Perhaps one of the most bizarre message of the presentation, chaired by Myanmar Prime Minister Thein Sein, was that, according to Myanmar's military rulers, the relief phase of Cyclone Nargis is over.
"The presentation they gave demonstrated through their statistics that they've now finished the relief phase, that all food, water and shelter needs have been met by the government and they were now into the recovery phase," said Lawrence.
This is in stark contrast to the international aid community's outlook on the situation in Myanmar, a good three weeks after the cyclone hit.
"The United Nations is very clear that we are still in the emergency phase, and the emergency phase will last for some time yet," said Richard Horesey, spokesman for the UN Office for Coordination of Humanitarian Affairs (OCHA).
Myanmar, a country that has been living under military dictatorships for the past 46 years, experienced its worst natural disaster in the country's history this month.

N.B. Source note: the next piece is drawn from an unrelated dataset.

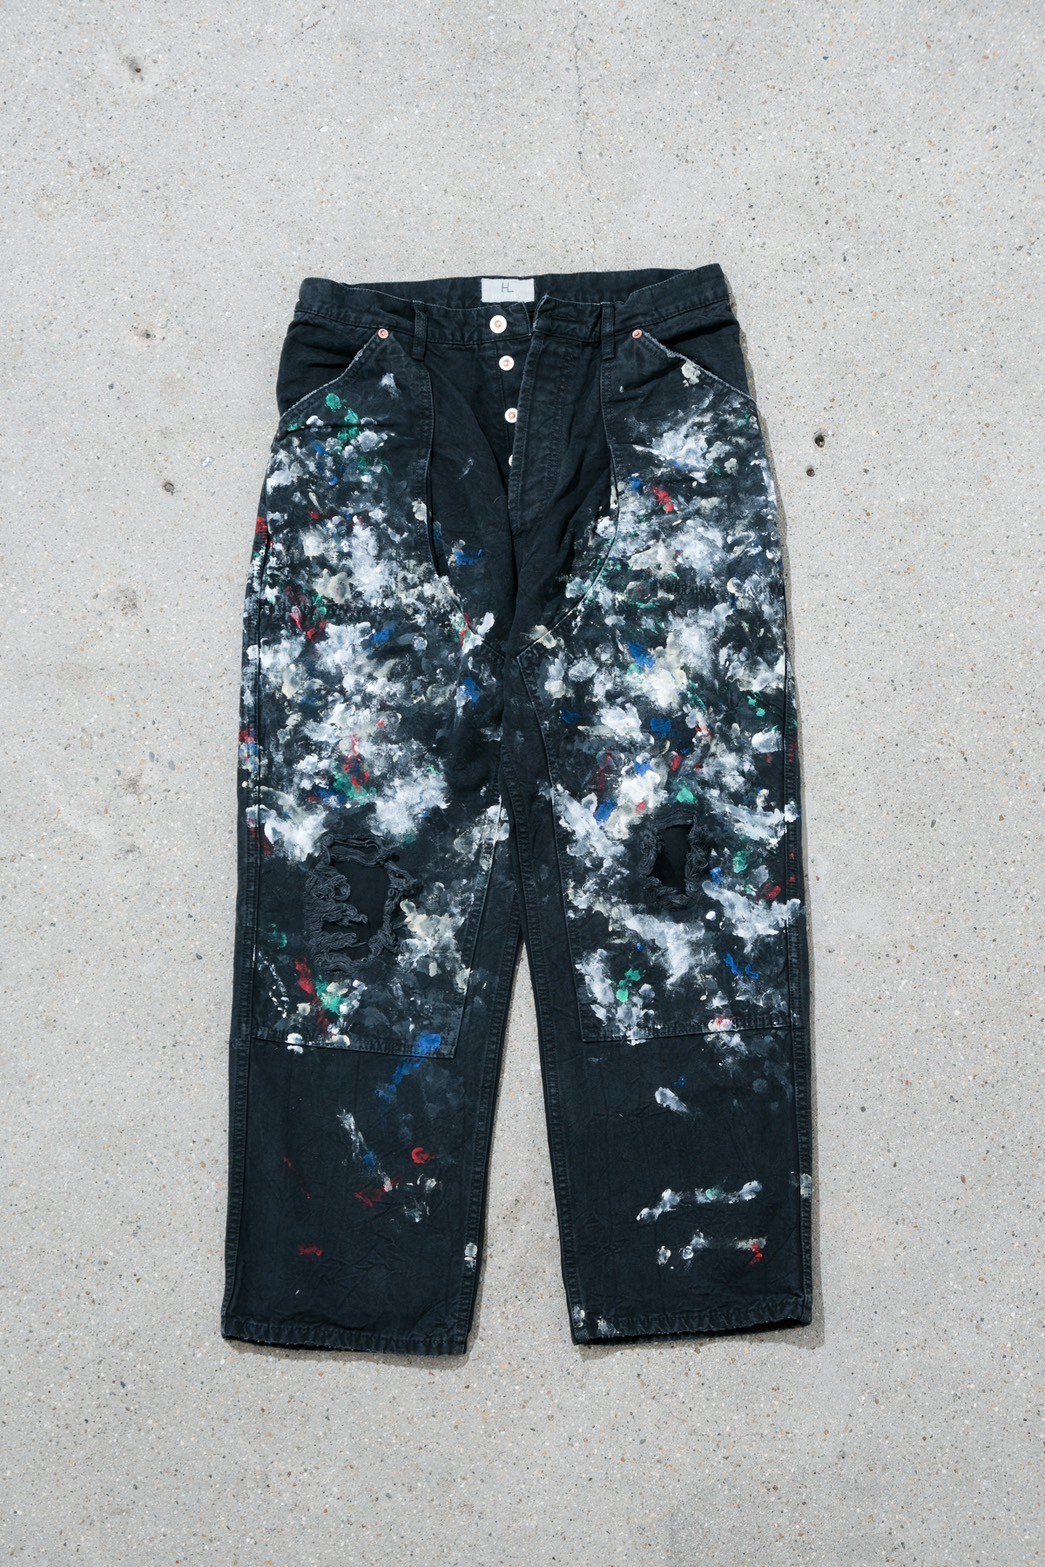 HERILL / Splash Painter pants

Cyclone Nargis, packing 200-kilometres-per-hour winds, swept across the Irrawaddy delta region, the country's tradition rice bowl, flattening trees and houses and causing tidal waves that claimed at least 133,000 people listed as dead or missing.
The cyclone also laid bare the political time-warp Myanmar has lived under for decades, reminiscent of the Stalinist regimes of Eastern Europe.
At first the government downplayed the death toll as being in the thousands, when the UN was estimating well over 100,000. Then it welcomed international aid, but put restrictions on flight deliveries and insisted on distributing the aid itself.
And much to the outrage of the international aid community, it has restricted the number of foreign aid experts allowed into the country. It is estimated that 2.4 million people were affected by the cyclone.
On Friday, UN Secretary General Ban Ki-moon held talks with Muanmar junta chief Senior General Than Shwe in which he reportedly agreed to allow in "all" aid workers to the cyclone-hit areas.
The foreign aid community has remained skeptical.
"The headlines look great, and are really encouraging, but what are the details," said Lawrence.
Those details will hopefully be made clear at a UN-ASEAN pledging conference being held in Yangon on Sunday.
At the conference, to be co-chaired by OCHA secretary general John Holmes and ASEAN Secretary General Surin Pitsuwan, the Association of South-East Asian Nations (ASEAN) will announce a "mechanism" by which it proposes to speed up the delivery of aid to the cyclone victims, despite the Myanmar government's odd-ball ways.
It is hoped that the Myanmar government will acknowledge on Sunday that they still have an emergency on their hands.
"If that doesn't happen we are in trouble," said Horsey.
Much will depend on ASEAN. Observers have described the "ASEAN mechanism" as a "face-saving badge" for Myanmar's military.
"The face-saving formula is that ASEAN will coordinate the natural relief effort," said one UN official. "But clearly ASEAN doesn't have the capability to provide the technical expertise so we need international aid workers in the delta."
Whether Myanmar allows an influx of foreign aid workers, as Than Shwe has indicated, with access to the hardest hit cyclone areas, will determine if the conference in a success.
"This is really make or break for ASEAN," said Sarah Ireland, the regional director for Oxfam.